Implementing gender-neutral housing will aggravate this situation. I disagree with Shapiro’s claim that “gender-neutral housing will probably never be so widespread that a majority of suites are coed.” When deciding whom to live with, what reason would one have to turn down friends of the opposite gender? Those who do give reasons are likely to seem prudish and behind the times. Even students who wouldn’t actively seek suitemates of the opposite sex — but wouldn’t particularly mind it — will likely end up having them, since they won’t purposefully go out of their way to choose based on sex. In this way, a majority of the campus will eventually be gender-neutral. Yale will effectively be divided into a “progressive” cohort and “prudish” cohort, making those who find it uncomfortable to live with the opposite gender feel even more different and isolated from the community.

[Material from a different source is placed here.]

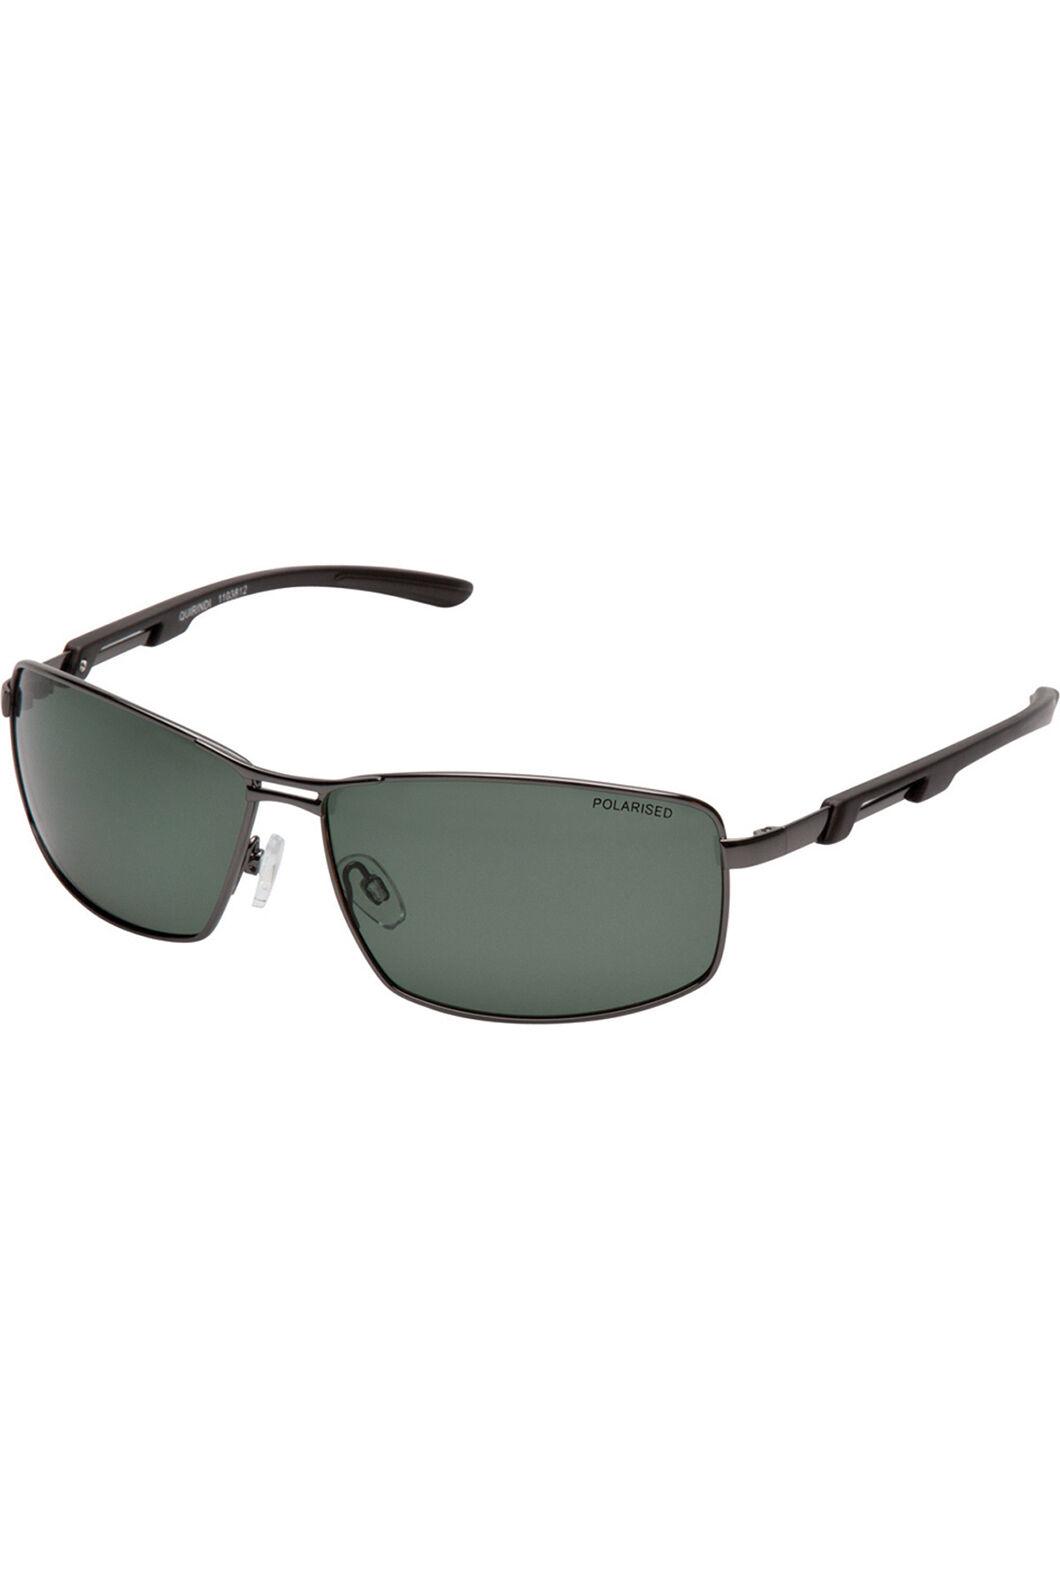 Cancer Council Unisex Quirindi Sunglasses, Gunmetal, hi-res
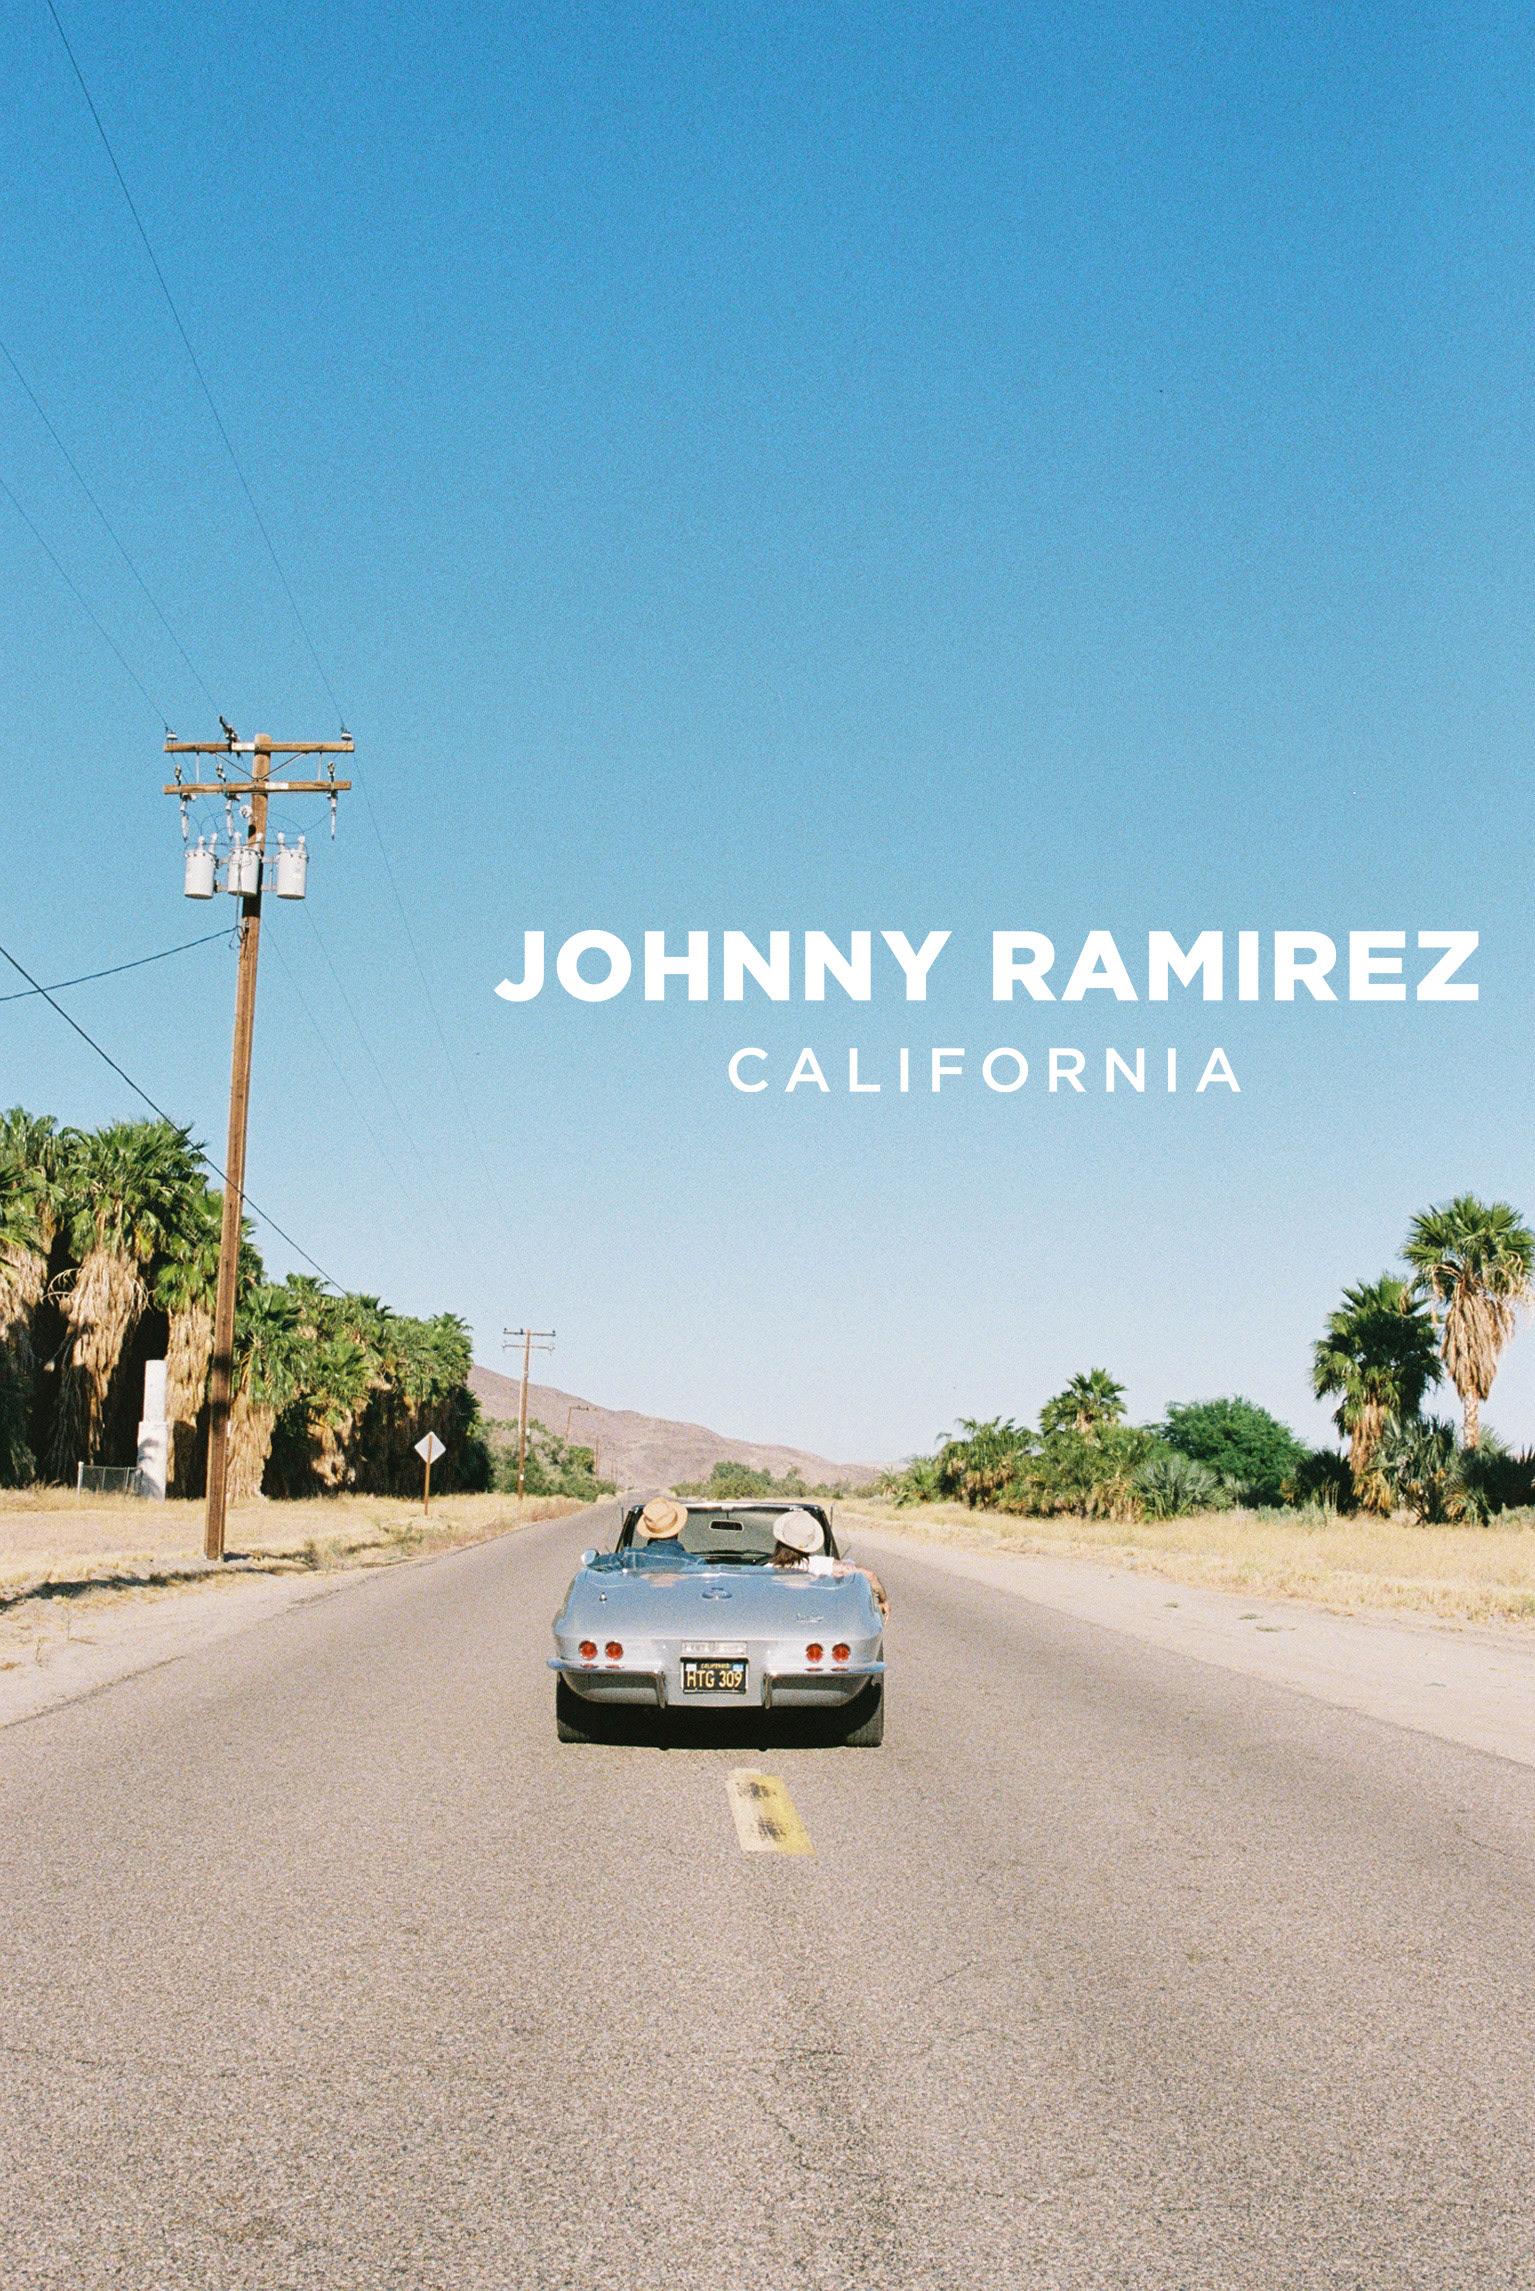 Johnny Ramirez California

Yale suffers when students are uncomfortable on campus; dorms should not be made gender-neutral.

There was a time when Yale was admonished and called backwards for not implementing speech codes. Back then, they were the new, politically correct things to have, but Yale resisted. Today, the University is proud to have stood against the tide of politically correct change. Sometimes it is better to be the only Ivy never to implement a bad policy. Such a stance should make us proud.

isabel Marin is a sophomore in Trumbull College.

Comments

  • HDT

    This is ridiculous. First, the description of what it’s like for people who don’t drink is ridiculous. There are plenty of people who don’t drink (including me), and it’s certainly not like that for all of us. I spent most of my freshman weekends sitting in the common room talking, watching movies and laughing with my friends. I didn’t carry anyone home or clean up any vomit. If it’s like that for you, well, you chose to be friends with those people.

    Second, your main argument against implementing GNH is that you’re afraid people will think you’re “prudish”? That in itself is ridiculous–again, you chose suitemates who would judge you for that kind of thing–but you give no evidence that this scenario applies to anyone but you in terms of having friends who would ostracize you just for not wanting to live with people of the opposite sex. Even proponents of GNH don’t actually think it’s weird for people to want a single-sex suite–we just don’t think that preference should be forced on an entire campus as a norm when it’s not. With GNH everyone’s preferences are considered equal: Isabel, you could live with all girls, while another suite could have some girls and some guys.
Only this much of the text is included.